Note: this is a longer version of a column that appeared in EE Times, June 12, 2006
We all know that software has bugs, even after diligent testing. PC's crash, cell phones hang, and we do those soft and hard resets to get things going again. The impact ranges from annoyance to hassle, and even to life-threatening. Authors such as Jack Ganssle, and publications and web sites such as Embedded Systems Design (www.embedded.com), have discussed the problem extensively, and how to minimize it.
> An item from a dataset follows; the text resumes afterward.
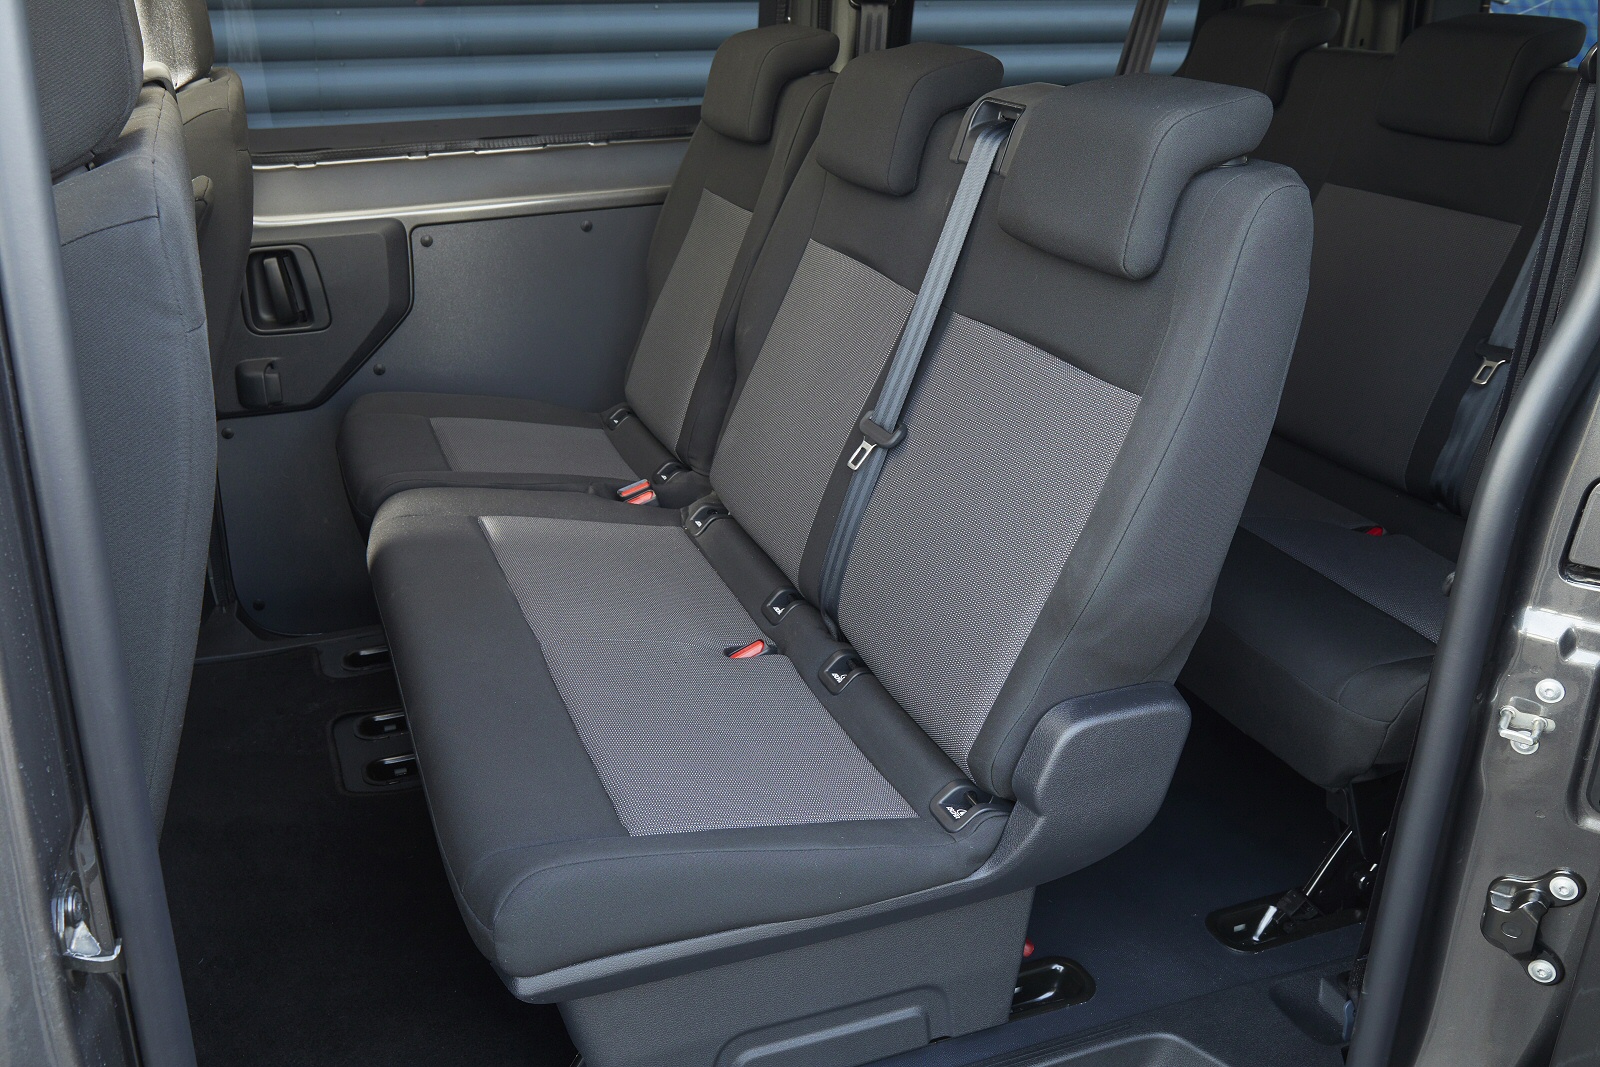 CITROEN E-SPACE TOURER ELECTRIC ESTATE 100kW Business Edition XL [8 Seat] 50kWh 5dr Auto
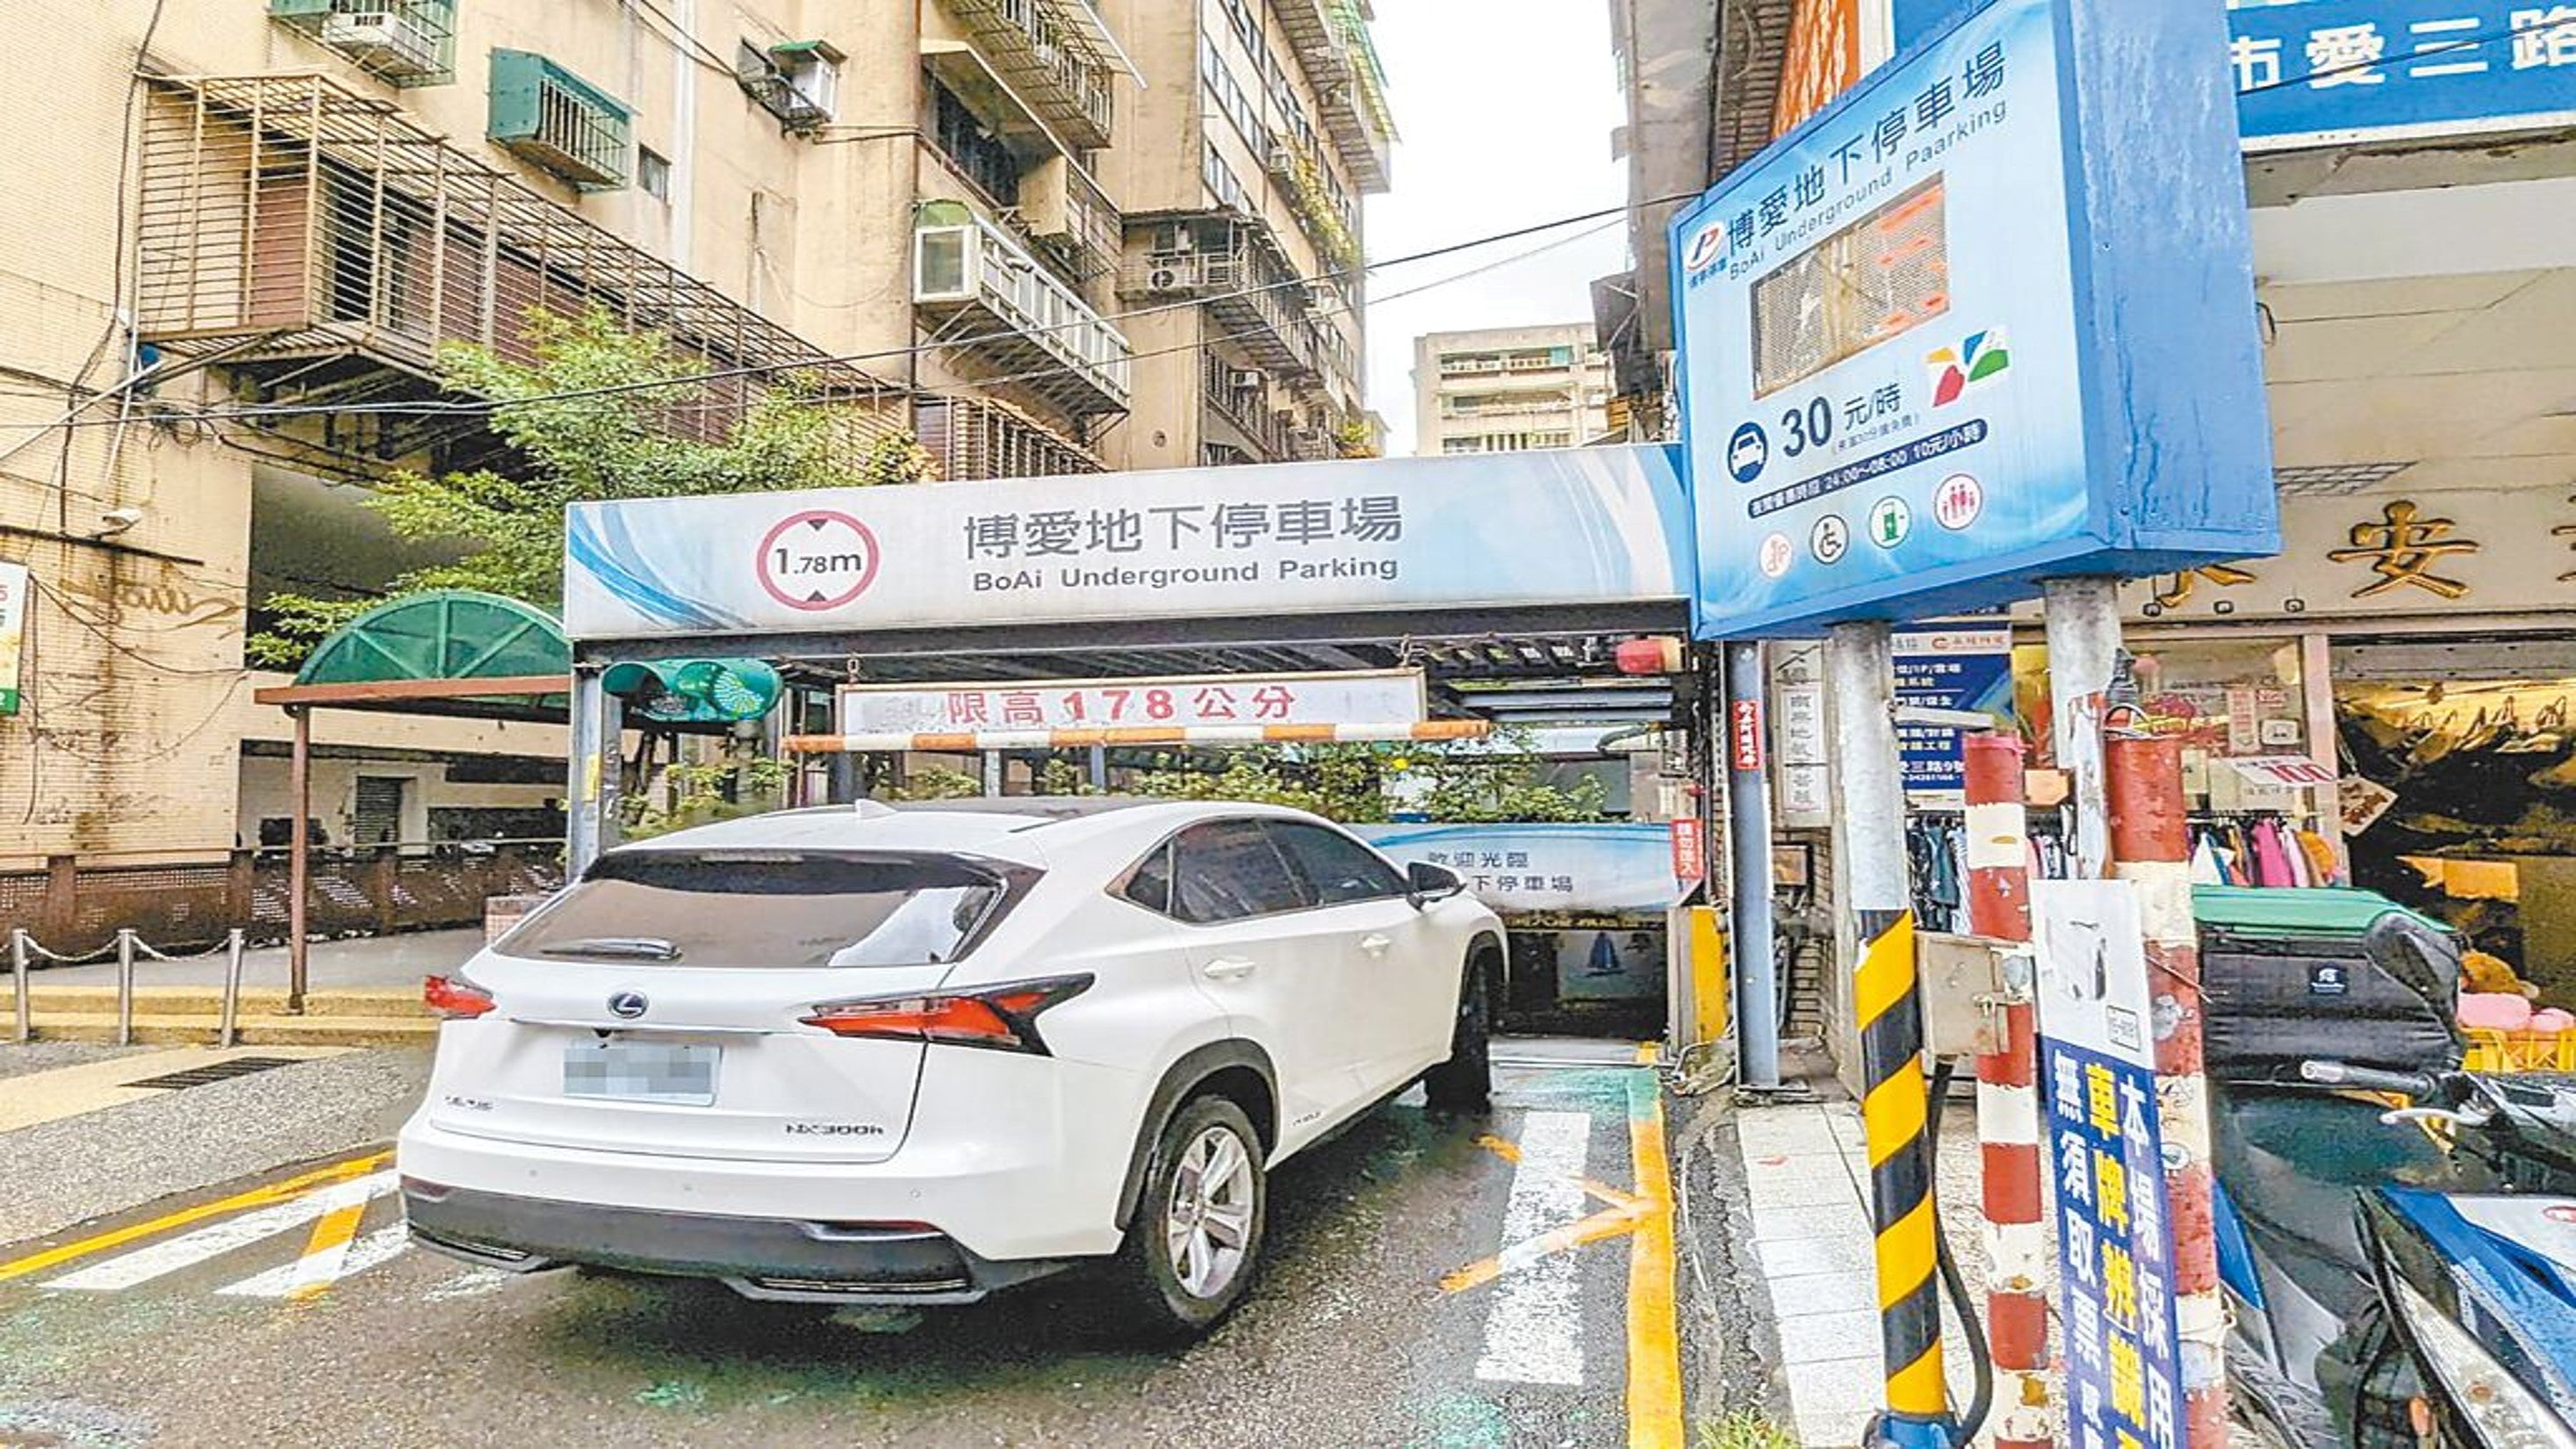 中國時報-基隆博愛停車場翻修 明年4月前開放 - 停車市場

But I was truly scared–yet only a little surprised–when I read that today's commercial airliners, with their millions of lines of code supporting navigation, fly-by-wire, and hands-off automated everything, can suffer major software glitches. The Wall Street Journal, May 30, 2006, looked at the problem (“Incidents prompt new scrutiny of airplane software glitches”) starting with the case of a Boeing 777, which developed a mind of its own and did a power climb and then dive; it took 45 seconds for the pilot to regain control.
When I read stories like this, I mentally retreat to the comfortable niche of electronic hardware, where solid ICs–mostly analog–rule. But it appears I've been living in a fool's paradise. Why? Due to counterfeit electronic components.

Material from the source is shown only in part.